Waktunya telah genap bagi kita untuk melakukan pertobatan secara pribadi dan pertobatan sebagai komunitas. Ketiga hal yang disebutkan di atas merupakan wujud nyata pertobatan kita. Kita mengasihi Tuhan, mengasihi diri sendiri dan mengasihi sesama manusia. Waktunya telah genap bagi kita untuk membaharui hidup kita dan mengikuti jalan Tuhan. Waktunya telah genap di mana kita bertobat dan percaya kepada Injil.

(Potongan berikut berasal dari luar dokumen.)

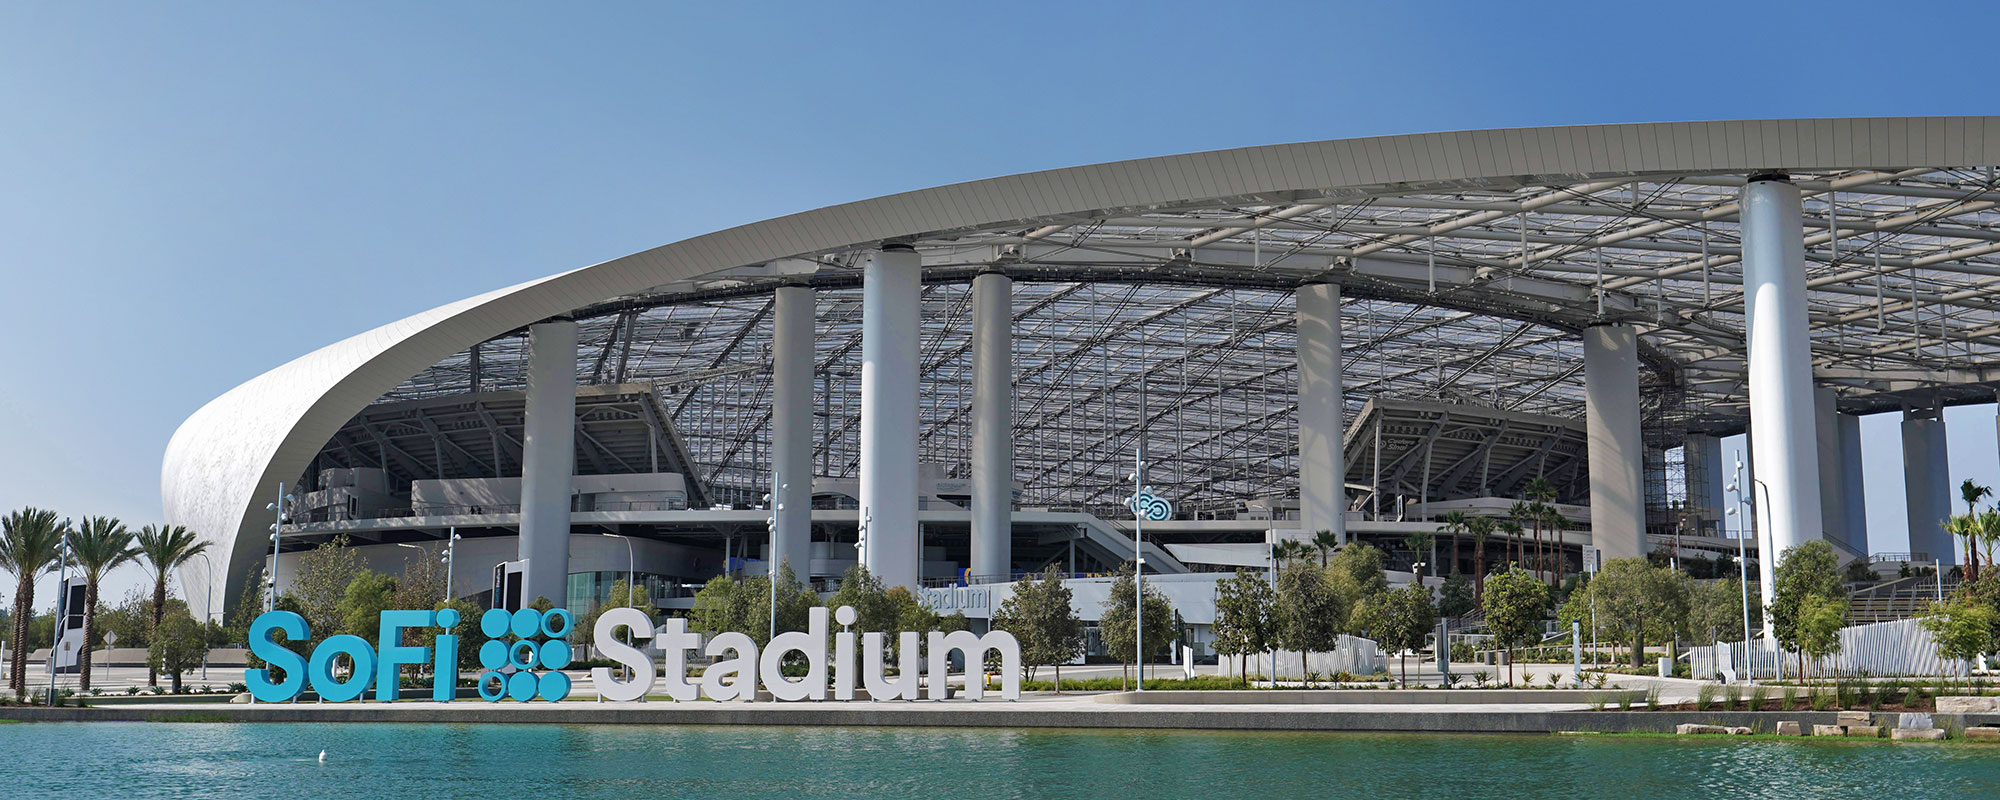 SoFi Stadium Los Angeles Stadium at Hollywood Park FabriTec Structures ETFE roof

Pada hari Minggu Prapaskah pertama ini, Tuhan menyapa kita dan mengingatkan kita bahwa akibat dosa asal, kita selalu memiliki concupiscentia atau konkupisensi. Concupiscentia adalah kecenderungan yang ada di dalam diri kita untuk jatuh ke dalam dosa. Ada saja godaan atau pencobaan yang kita alami dan kalau kita tidak bertahan maka kita akan mudah jatuh ke dalam dosa. Tuhan Yesus sudah mengalaminya. Setelah dibaptis di sungai Yordan, Ia penuh dengan Roh Kudus pergi ke padang gurun. Ia tinggal di sana selama empat puluh hari dan dicobai oleh iblis. Selama berada di padang gurun, Ia berada di antara binatang-binatang liar dan malaikat-malaikat melayani Dia.

Kita coba membayangkan situasi Yesus di padang gurun. Padang gurun adalah tempat di mana kita bergumul dengan diri sendiri dan bergumul dengan Tuhan. Bangsa Israel mengalami pergumulan sehingga jatuh dan bangun mereka alami di padang gurun. Yesus juga tentu bergumul namun sebagai Anak Allah, para Malaikat datang untuk melayani-Nya. Malaikat melakukan tugasnya sebagai pelayan Tuhan, dan tepat sekali melakukannya bagi Yesus sang Anak Allah. Hal yang penting di sini adalah Yesus memenangkan godaan. Ia memiliki kuasa untuk mewartakan pertobatan dan mengajarkan orang-orang untuk percaya kepada Injil sebagai kabar Sukacita.

Di masa pandemi ini, kita butuh kekuatan untuk bertobat dan percaya kepada Injil. Pandemi merupakan sebuah godaaan atau ujian bagi iman kita. Apakah kita masih berpasrah kepada Tuhan atau memberontak kepada-Nya. Kalau saja di masa pandemi ini kita bertobat dan percaya kepada Injil, maka sungguh merupakan sebuah sukacita yang besar. Sebuah optimisme Kristiani yang luar biasa. Dari penderitaan menuju kemenangan dan sungguh kita lebih dari pemenang. Berkaitan dengan ini, Santu Paulus mengatakan: “Siapakah yang akan memisahkan kita dari kasih Kristus? Penindasan atau kesesakan atau penganiayaan, atau kelaparan atau ketelanjangan, atau bahaya, atau pedang? Seperti ada tertulis: ”Oleh karena Engkau kami ada dalam bahaya maut sepanjang hari, kami telah dianggap sebagai domba-domba sembelihan.” Tetapi dalam semuanya itu kita lebih dari pada orang-orang yang menang, oleh Dia yang telah mengasihi kita. Sebab aku yakin, bahwa baik maut, maupun hidup, baik malaikat-malaikat, maupun pemerintah-pemerintah, baik yang ada sekarang, maupun yang akan datang, atau kuasa-kuasa, baik yang di atas, maupun yang di bawah, ataupun sesuatu makhluk lain, tidak akan dapat memisahkan kita dari kasih Allah, yang ada dalam Kristus Yesus, Tuhan kita.” (Rom 8: 35-39).

Mari kita berusaha untuk bertumbuh, semakin mengasihi Tuhan, diri kita dan sesama manusia. Ini adalah pertobatan sejati, yakni kemampuan kita untuk semakin mengasihi dengan kasih Tuhan sendiri.